Background: Critical examination of the quality and validity of available allergic rhinitis (AR) literature is necessary to improve understanding and to appropriately translate this knowledge to clinical care of the AR patient. To evaluate the existing AR literature, international multidisciplinary experts with an interest in AR have produced the International Consensus statement on Allergy and Rhinology: Allergic Rhinitis (ICAR:AR).
Methods: Using previously described methodology, specific topics were developed relating to AR. Each topic was assigned a literature review, evidence-based review (EBR), or evidence-based review with recommendations (EBRR) format as dictated by available evidence and purpose within the ICAR:AR document. Following iterative reviews of each topic, the ICAR:AR document was synthesized and reviewed by all authors for consensus.

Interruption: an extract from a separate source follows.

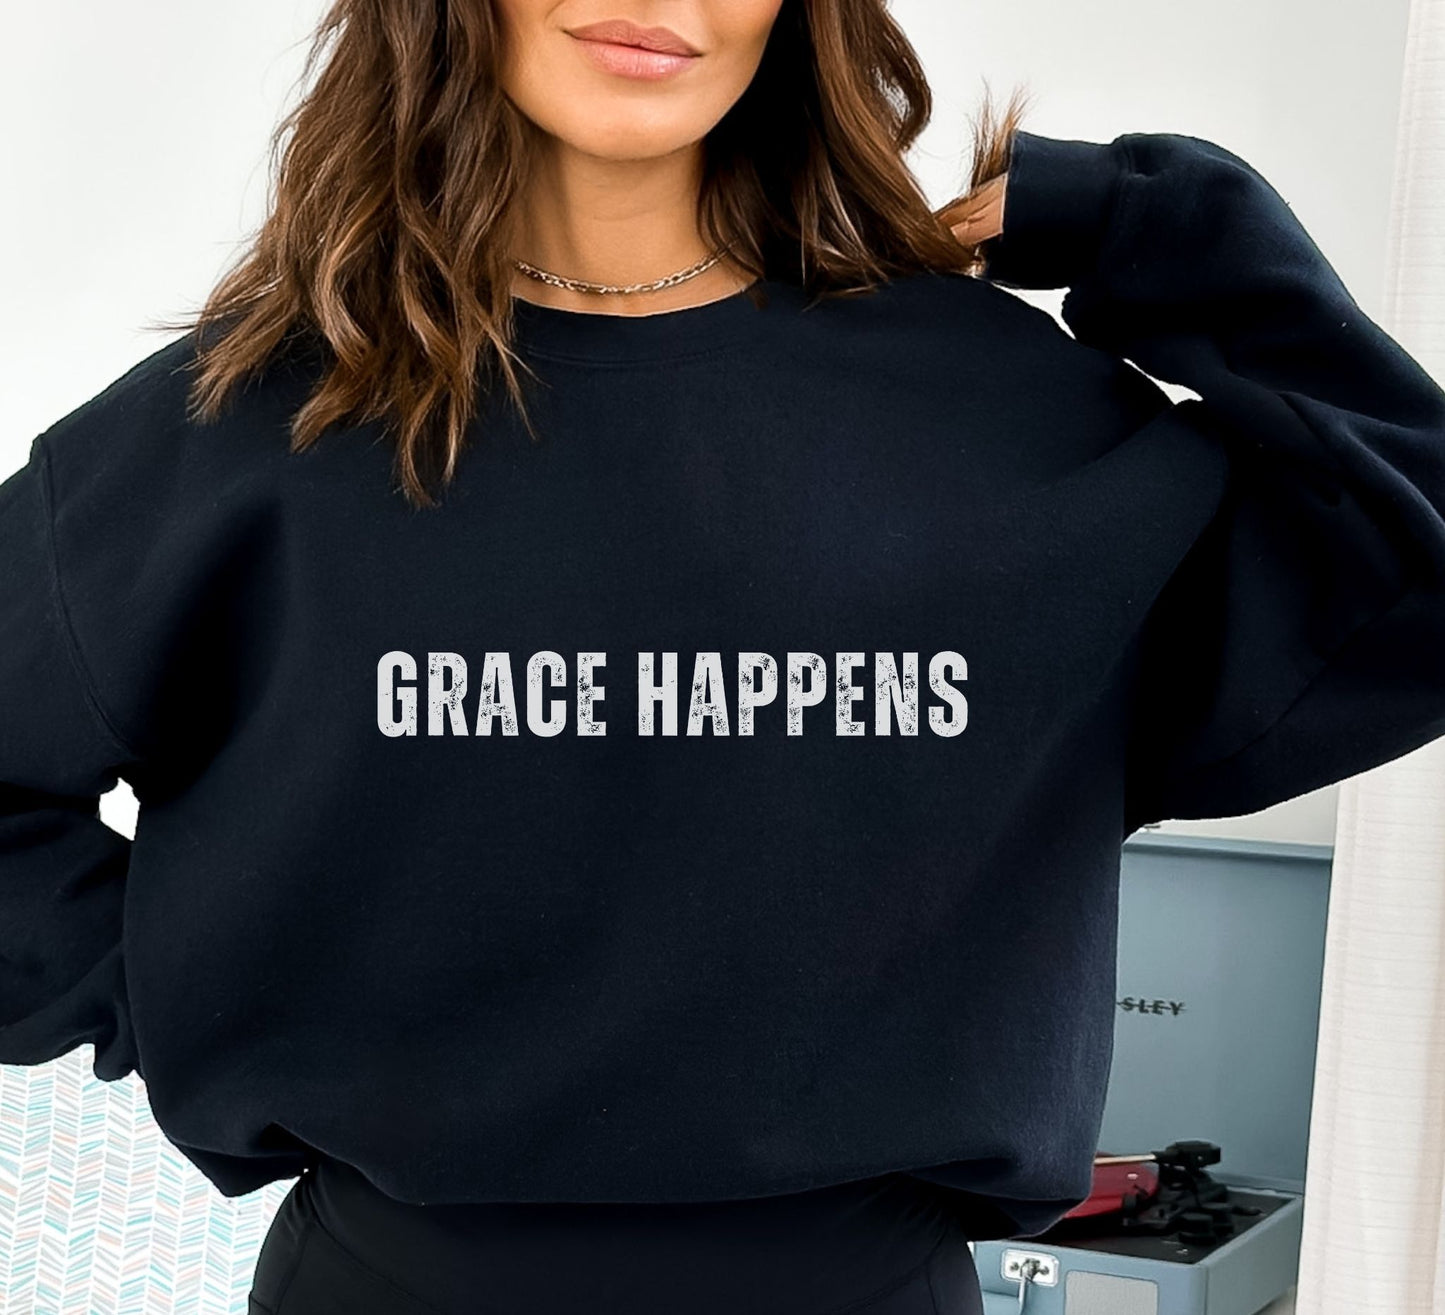 Grace Happens Sweatshirt - Halleluiah!

Results: The ICAR:AR document addresses over 100 individual topics related to AR, including diagnosis, pathophysiology, epidemiology, disease burden, risk factors for the development of AR, allergy testing modalities, treatment, and other conditions/comorbidities associated with AR.
Conclusion: This critical review of the AR literature has identified several strengths; providers can be confident that treatment decisions are supported by rigorous studies. However, there are also substantial gaps in the AR literature. These knowledge gaps should be viewed as opportunities for improvement, as often the things that we teach and the medicine that we practice are not based on the best quality evidence. This document aims to highlight the strengths and weaknesses of the AR literature to identify areas for future AR research and improved understanding.
Keywords: IgE; allergen extract; allergen immunotherapy; allergic rhinitis; allergy; antihistamine; asthma; atopic dermatitis; avoidance; biologic; cockroach; conjunctivitis; consensus; corticosteroid; cough; cromolyn; decongestant; environment; eosinophilic esophagitis; epicutaneous immunotherapy; epidemiology; evidence-based medicine; food allergy; genetics; house dust mite; immunoglobulin E; immunotherapy; inhalant allergy; leukotriene; microbiome; occupational rhinitis; omalizumab; pathophysiology; perennial; pet dander; pollen; probiotic; quality of life; rhinitis; rhinosinusitis; risk factor; saline; seasonal; sensitization; sinusitis; sleep; socioeconomic; specific IgE; subcutaneous immunotherapy; sublingual immunotherapy; systematic review; total IgE; transcutaneous immunotherapy; validated survey.